Williams, Stewart make strong spring impressions

By: Scottie Bordelon Scottie Bordelon's Twitter account
Published: Thursday, April 15, 2021
Zach Williams (56) participates in an agility drill during practice Thursday, April 1, 2021, in Fayetteville. Check out nwaonline.com/210402Daily/ and nwadg.com/photos for a photo gallery.
( David Gottschalk)
Zach Williams (56) participates in an agility drill during practice Thursday, April 1, 2021, in Fayetteville. Check out nwaonline.com/210402Daily/ and nwadg.com/photos for a photo gallery.

FAYETTEVILLE — A pair of former Arkansas high school standouts have made strides toward creating larger and more secure roles for themselves in 2021.

Zach Williams (Joe T. Robinson) and Jashaud Stewart (Jonesboro) are fighting this spring to become mainstays along Arkansas’ defensive line this fall. They have caught the attention of Razorbacks coach Sam Pittman in the process.

A sophomore last season, Williams gained valuable experience as he played in nine of 10 games. He earned four starts, including three in a row against Mississippi State, Auburn and Ole Miss. His play led many to believe he could be a major factor in the future.

For Stewart, he saw the field in eight games in 2020, but did not record any statistics.
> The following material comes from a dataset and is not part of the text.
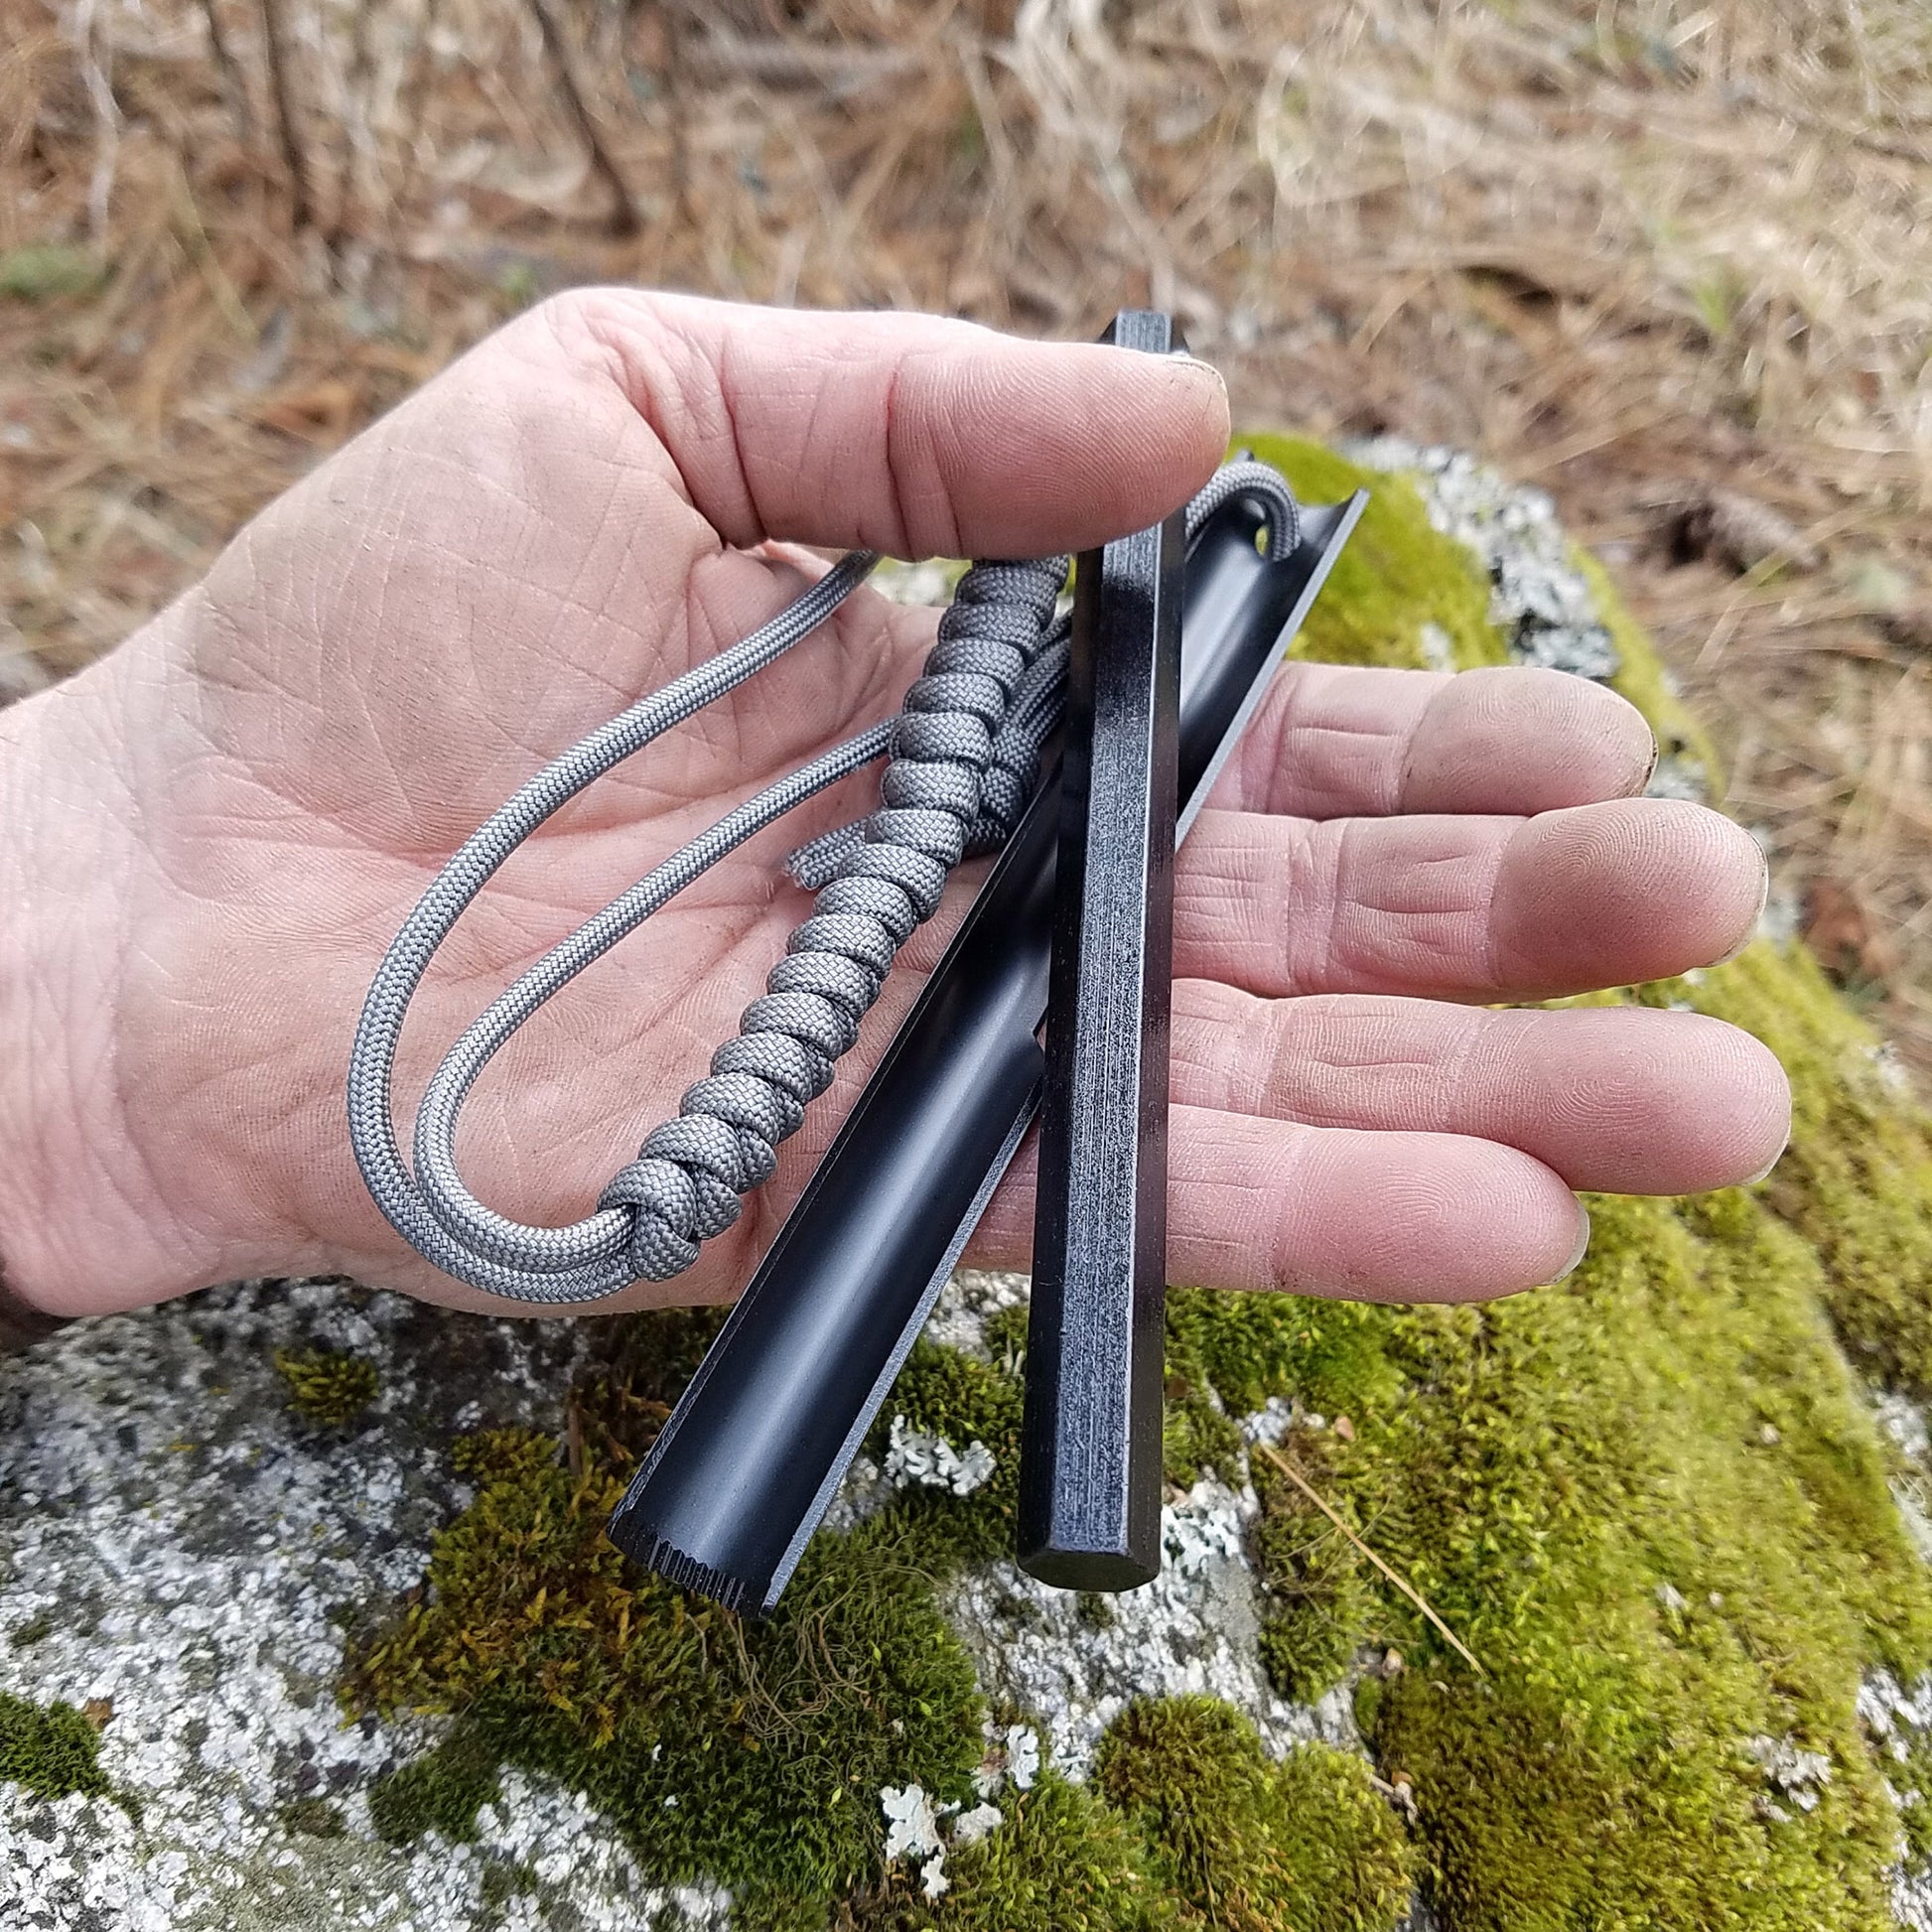 The PyroStryke Hexalite Ferro Rod fire starter is the ultimate emergency fire starting tool fits nicely in the palm of your hand for easy storage..

Based on what the second-year head coach has seen through 14 practices, he expects Stewart’s name to echo in stadiums in the fall, especially if the 6-2 defensive end adds 10-12 pounds to his frame.

“He plays with a tremendous amount of energy, he chases the ball, and you’re going to get him every snap,” Pittman said Wednesday. “Whatever he’s got in there, that’s what you’re going to get every snap. And I don’t believe you have to be a senior to lead. I think you’ve got to beat somebody out then you become a leader, and that’s what he’s done.

“He’s moved up the depth chart and he’s made guys that are ahead of him and behind him play harder. The bottom line is he’s relentless with his effort and he’s going to make a lot of plays. He’s not the biggest, not all of those things, but he is one hard-working, hard-playing guy.”

Pittman added that Stewart, for an undisclosed reason, is questionable for Saturday’s spring game. Two weeks ago, Stewart drew praise for his performance in the team’s second scrimmage.

Receiving reps with the first-team defense, he recovered a fumble in the backfield and was in on a number of plays on account of his motor and physicality.

“What he teaches is like in any business: If you work hard and you come to work every day with that lunch pail attitude — that’s what he had in high school, too — that you can move up in your business,” Pittman said. “You can move up on the football field or whatever it may be.

“He plays extremely hard and we wanted to reward that as well.”

Isaiah Nichols, a candidate to start at defensive tackle, noted that Stewart’s work ethic stands out.

“You notice him on the field,” Nichols said. “You see how fast he plays and how explosive he is off the ball. We’ve been trying to talk about working hands. He has a lot of potential. I’m excited to see how he develops over the years.”

A solid contributor last season who finished with 22 tackles, including 13 in the Razorbacks’ first two games against Georgia and Mississippi State, Williams looks more like an SEC defensive end physically this spring. Listed at 246 pounds in 2020, he is now up to 264.

By the start of next season, he hopes to have added 10 more pounds. Williams is handling the extra weight well to this point.

“I don’t even feel a difference,” he said. “I still feel like I’m 200 pounds, (like) before I first got here....I’m a lot more confident. I was always the underweight one, but I’m finally starting to pick up my weight and get stronger, and I can actually throw people around if I need to.

“I feel like I’m just stacking it together and coming up with my own technique myself, and I just feel more comfortable with that. You can always get better, (and) I feel like I’m getting better.”

In addition to his weight, Williams believes he has made his biggest gains in his ability to get to the quarterback. A bull rusher much of last season, he is growing more effective using his hands to fight off offensive tackles.

Williams wants to be consistent in his productivity, too. His 1.5 tackles for loss and lone sack came in the season opener. He totaled three tackles in his final five games.

“Individually, I want to make a statement about how much better I’ve gotten from last year,” said Williams, looking ahead to the spring game. “I want to show people that I’ve actually gained weight and I’m starting to get better with my technique.”